- DATA BELOW:
....

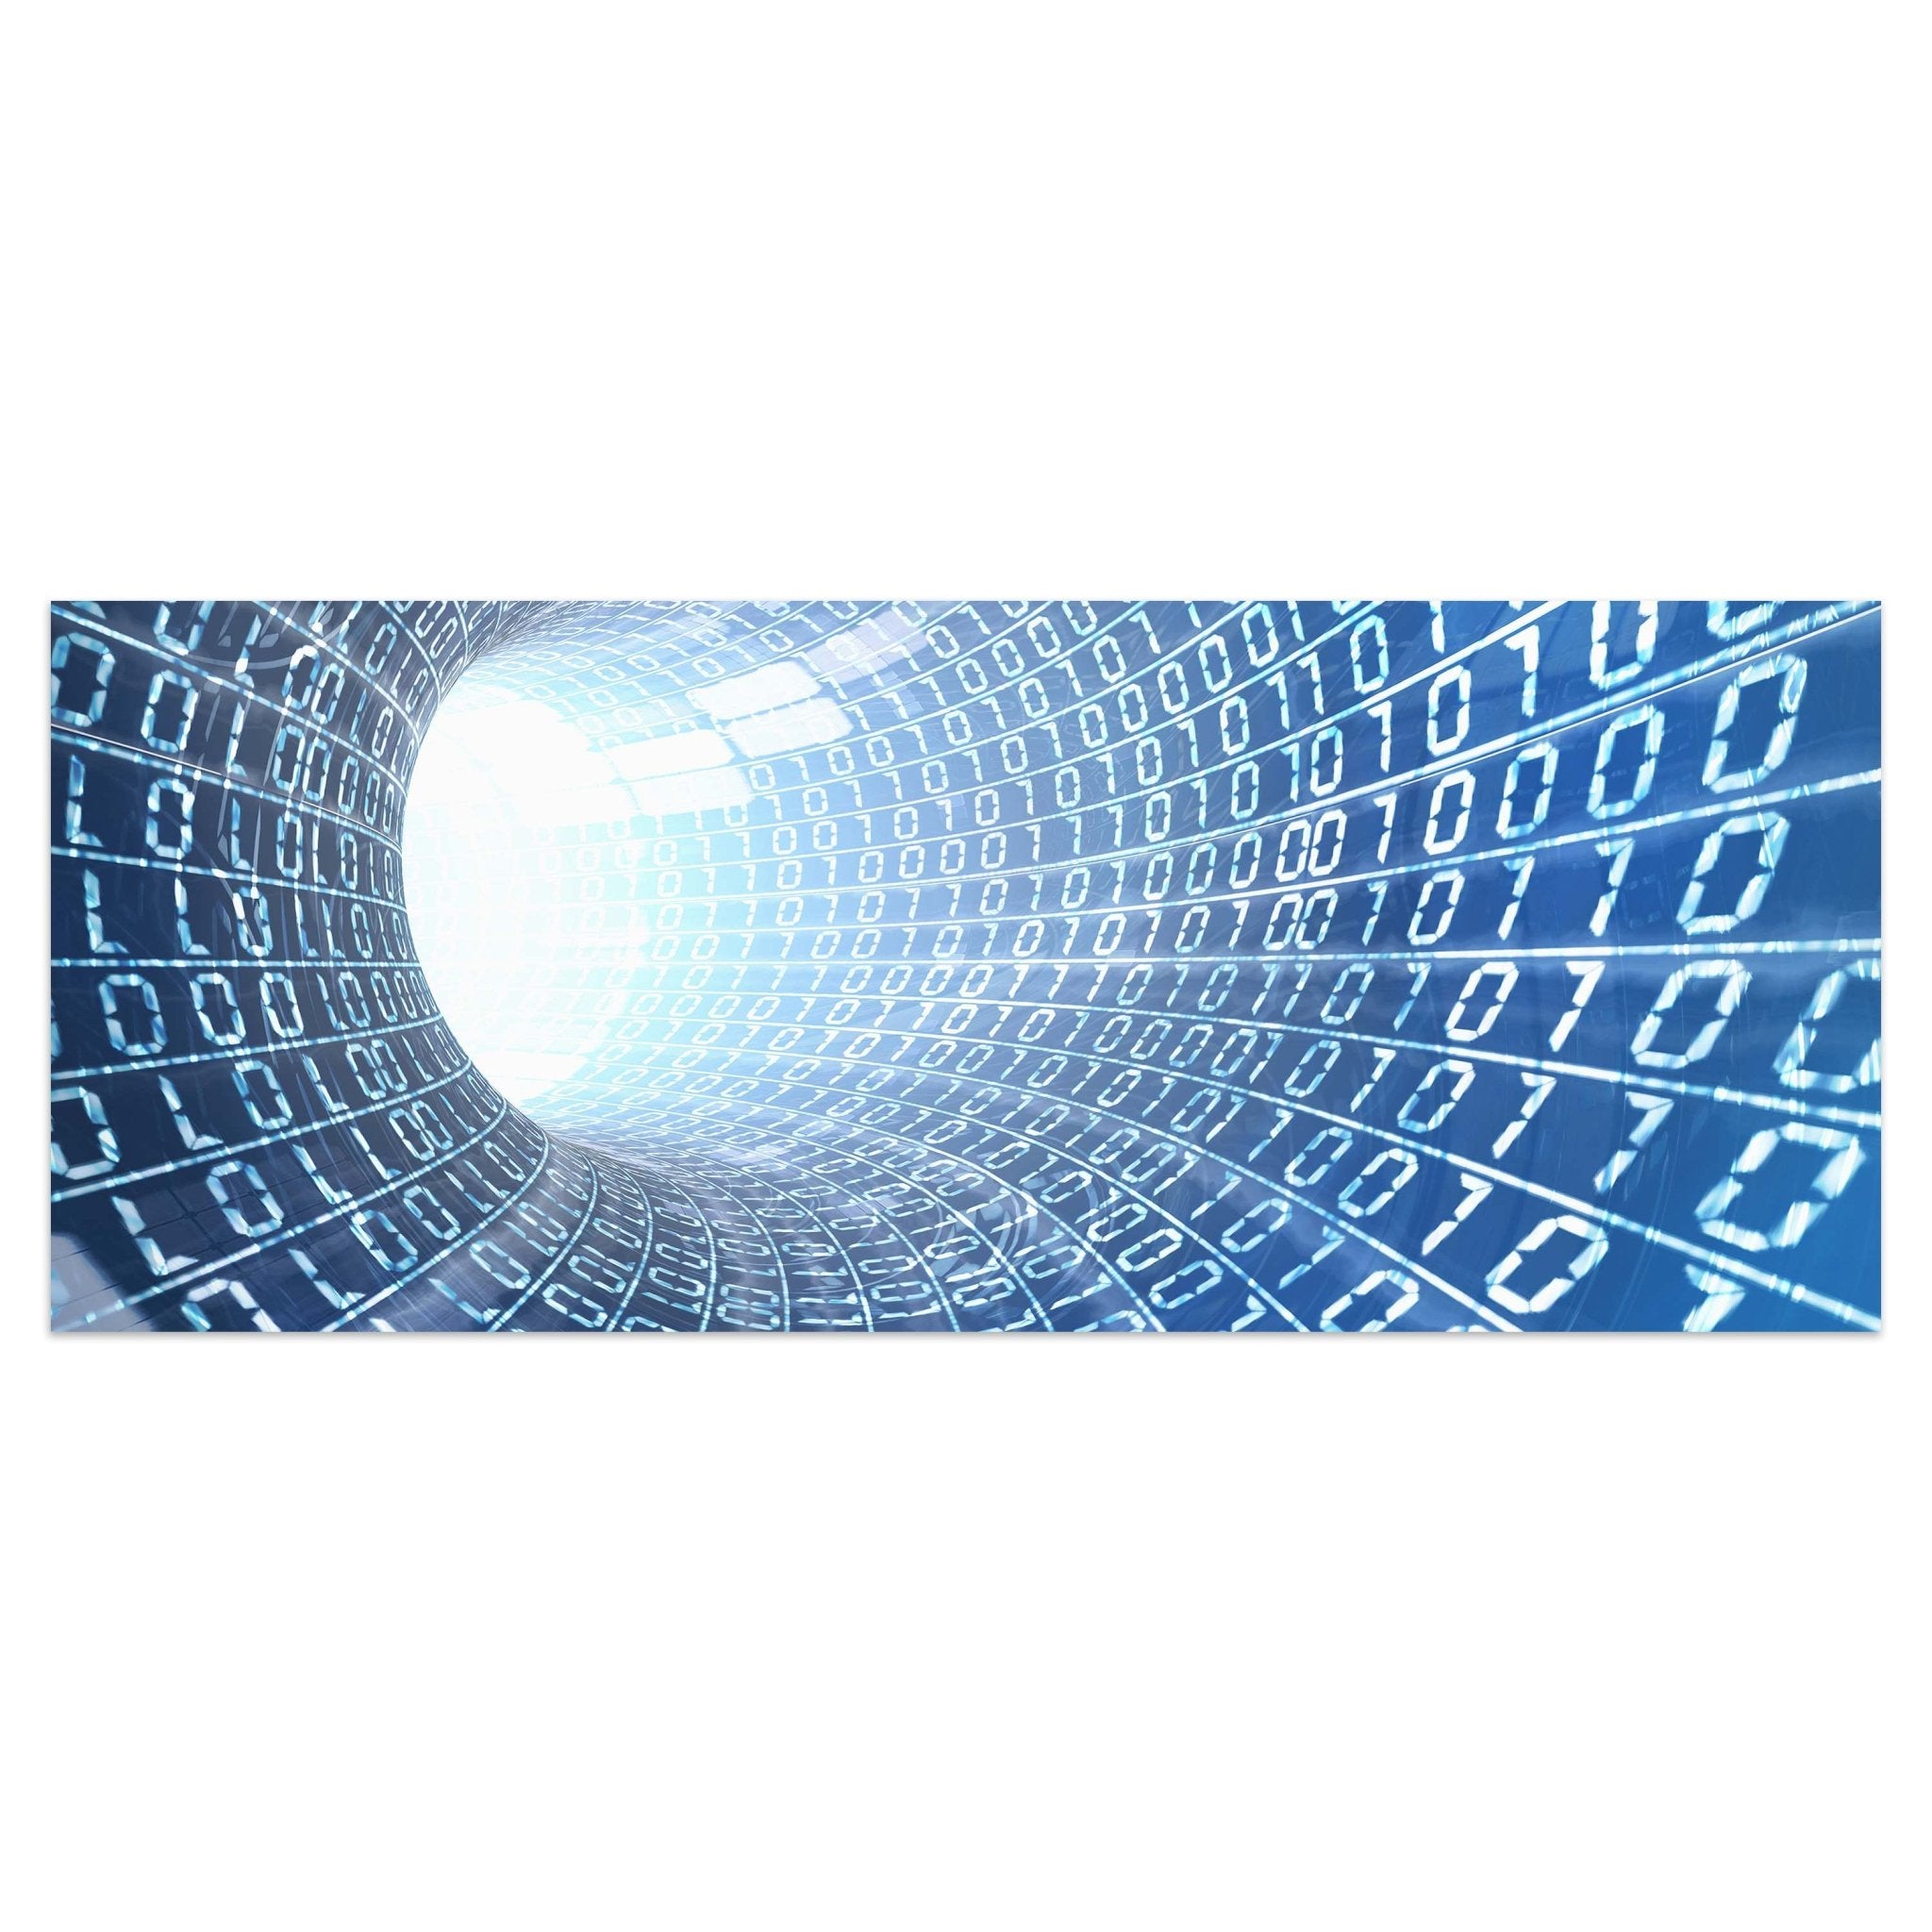 Leinwandbild Datentunnel Internet M0243 kaufen - Bild 1
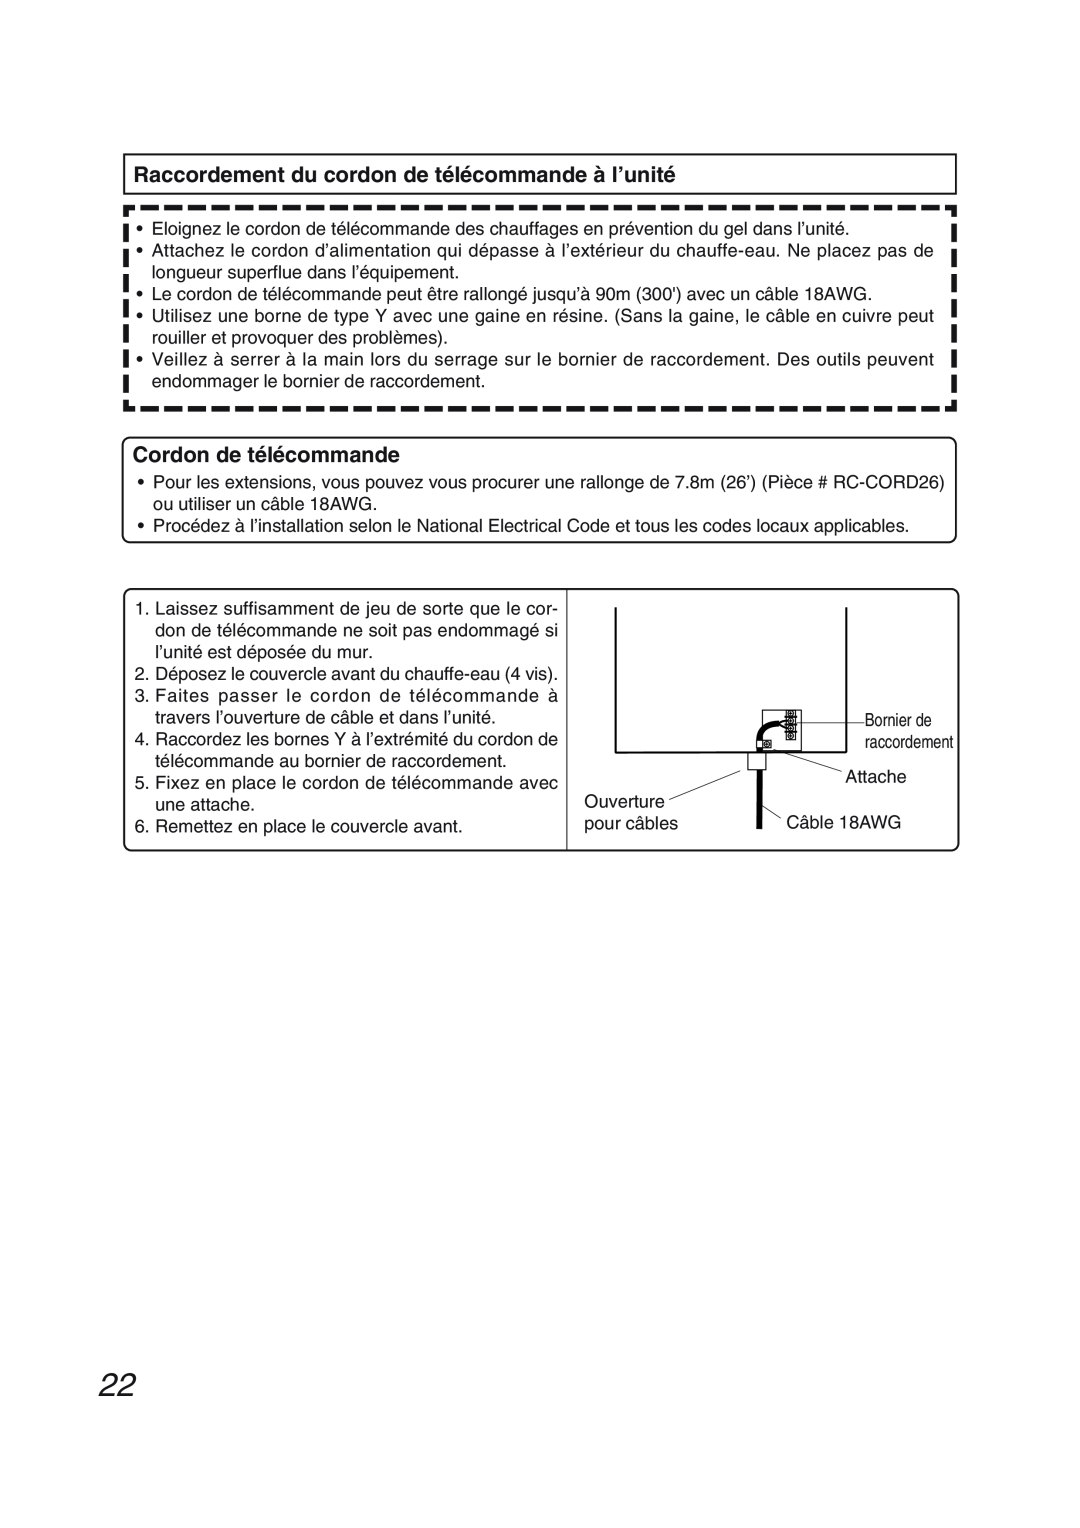 Pentax N-0751M-OD installation manual Raccordement du cordon de télécommande à l’unité, Cordon de télécommande 
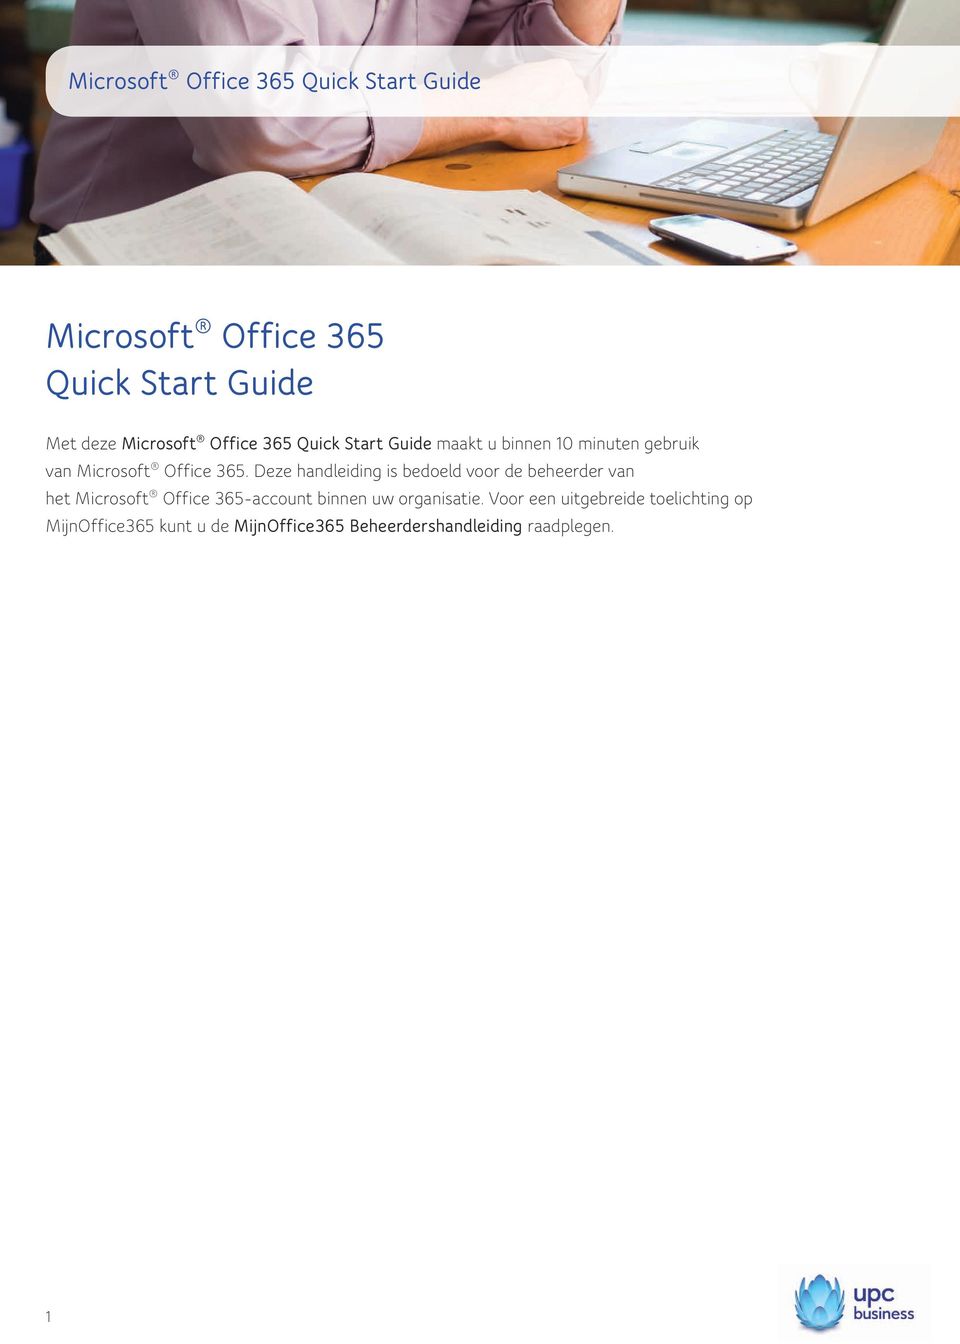 Deze handleiding is bedoeld voor de beheerder van het Microsoft Office 365-account binnen

....

- EXERCISE PROMPT: Return the listing above unchanged, apart from dropping its pictures.

- SOLUTION TO THE PROBLEM:
 Leinwandbild Datentunnel Internet M0243 kaufen - Bild 1
 Pentax N-0751M-OD installation manual Raccordement du cordon de télécommande à l’unité, Cordon de télécommande 
 Deze handleiding is bedoeld voor de beheerder van het Microsoft Office 365-account binnen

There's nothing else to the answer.